Değişim kısmen teori ile ampirik araştırma arasındaki ve felsefi düşünce ile sosyal yaşam hakkında gerçeklerin toplanması arasındaki boşluğu doldurmaya yönelik bilinçli girişimlerden oluşmuştur. Ayrıca, önde gelen entelektüel model artık teoloji veya metafizikte değil, ampirik bilimde aranmaya başlanmıştır. Odak noktası ya siyasi alan ya da daha özel ahlaki meseleler üzerinde olduğu için, bu aşamada odak genel olarak toplumun yapısı ve gelişimine kaymıştır. Yönelimdeki bu kaymaya, Fransız filozofları ve İskoç ahlak filozofları olarak bilinen gruplar öncülük etmiştir.
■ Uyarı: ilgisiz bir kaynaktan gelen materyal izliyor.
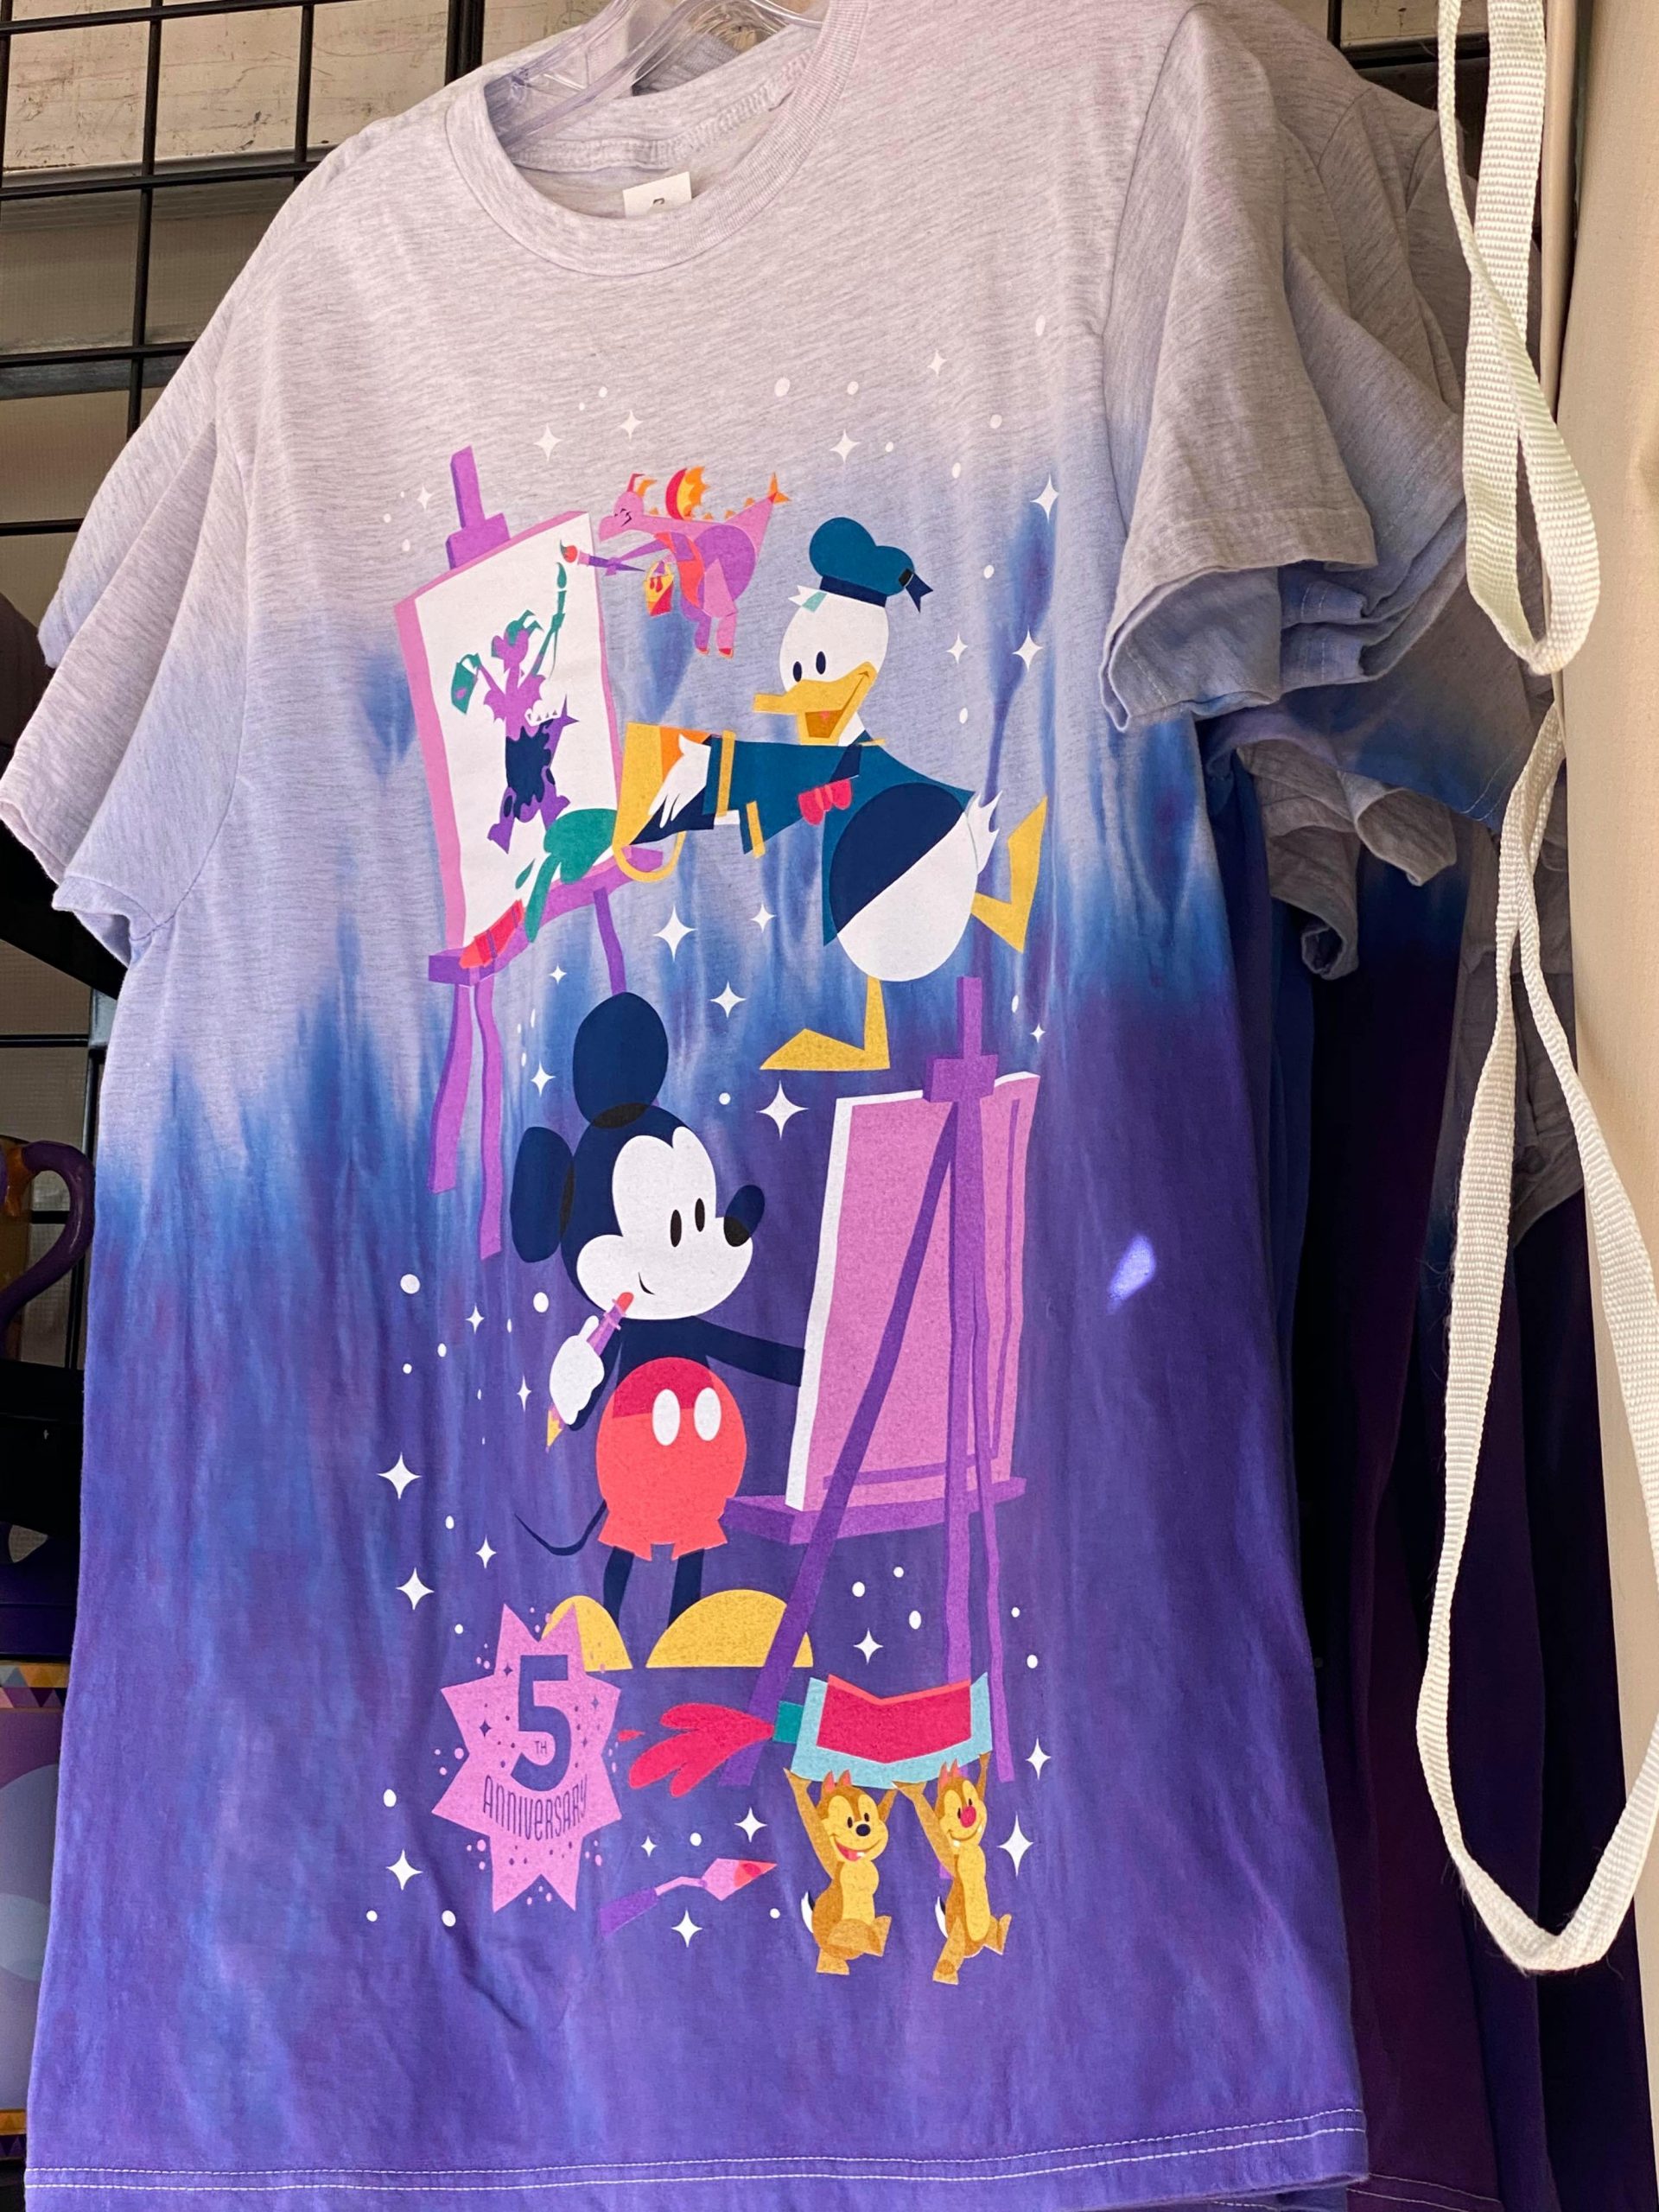 New Festival of the Arts TShirt Featuring Fun Disney Characters

Örneğin bu düşünsel süreçte, filozoflar arasında Montesquieu, R. J. Turgot, J. J. Rousseau, J. Millar, A. Smith, A. Ferguson önemli isimlerdir. Örneğin, Montesquieu’ya göre, bir ulusun ‘genel ruhunun’ tanınması esastır. Bu ‘ruh’ veya ‘ortak karakter’, iklim, din ve ticaret dahil olmak üzere çeşitli nedenlerin birleşik etkisinin sonucudur. Montesquieu, insan toplumunun karmaşık karşılıklı bağımlılıklarını çözmeye çalışmıştır. Montesquieu, A. Comte'un daha sonra ‘sosyal statik’ olarak adlandıracağı şeyin araştırılmasına öncülük ederken, onun genç çağdaşı, R. J. Turgot, insan toplumunu gelişimsel bir perspektiften, başka bir deyişle ‘sosyal dinamikler’ açısından da görme olasılığına işaret etmiştir. Benzer bir ruhla, İskoç ahlak filozofu D. Hume, ‘ahlaki konulara deneysel akıl yürütme yöntemini’ getirmeyi önermiştir. Hume ve genç arkadaşı A. Smith, varsayılan bir doğa durumuna dayanan teorileri reddetmiştir. Örneklendirilen düşünsel tartışmalarla genel bir sosyal bilim fikri zemin kazanmış, sosyoloji bilimi bir disiplin olarak doğmaya ve bu tetikleyici düşünsel arka planla ismini almaya başlamıştır. Bu bağlamda Aydınlanma dönemi düşünürlerinin toplumsal düzen hakkındaki değiştirici ve rasyonel görüşleri sosyoloji biliminin alt yapısını oluşturmuştur. Yine Fransız Devrimi ve Sanayi Devriminin toplumlarda yarattığı değişmeler ve bu değişmelere bağlı sorunların çözülmesi ihtiyacı sosyolojin bir bilim olarak isimlendirilmesine temel teşkil etmiştir. Nihayetinde 19. yüzyılın ortalarında Auguste Comte sosyoloji biliminin ismini koymuştur. Pozitivist bilimlerin yöntemsel anlayışını benimseyerek yola çıkan sosyoloji yeni bir toplumsal düzen için en önemli anahtar rolünü oynamıştır. Sosyolojik düşünce ve bunun ana unsuru olan teoriler zamanla çeşitlenerek sürekli mevcut toplumsal yapıya ilişkin açıklamaları ve anlamlandırmaları sunma gayretinde olmuştur.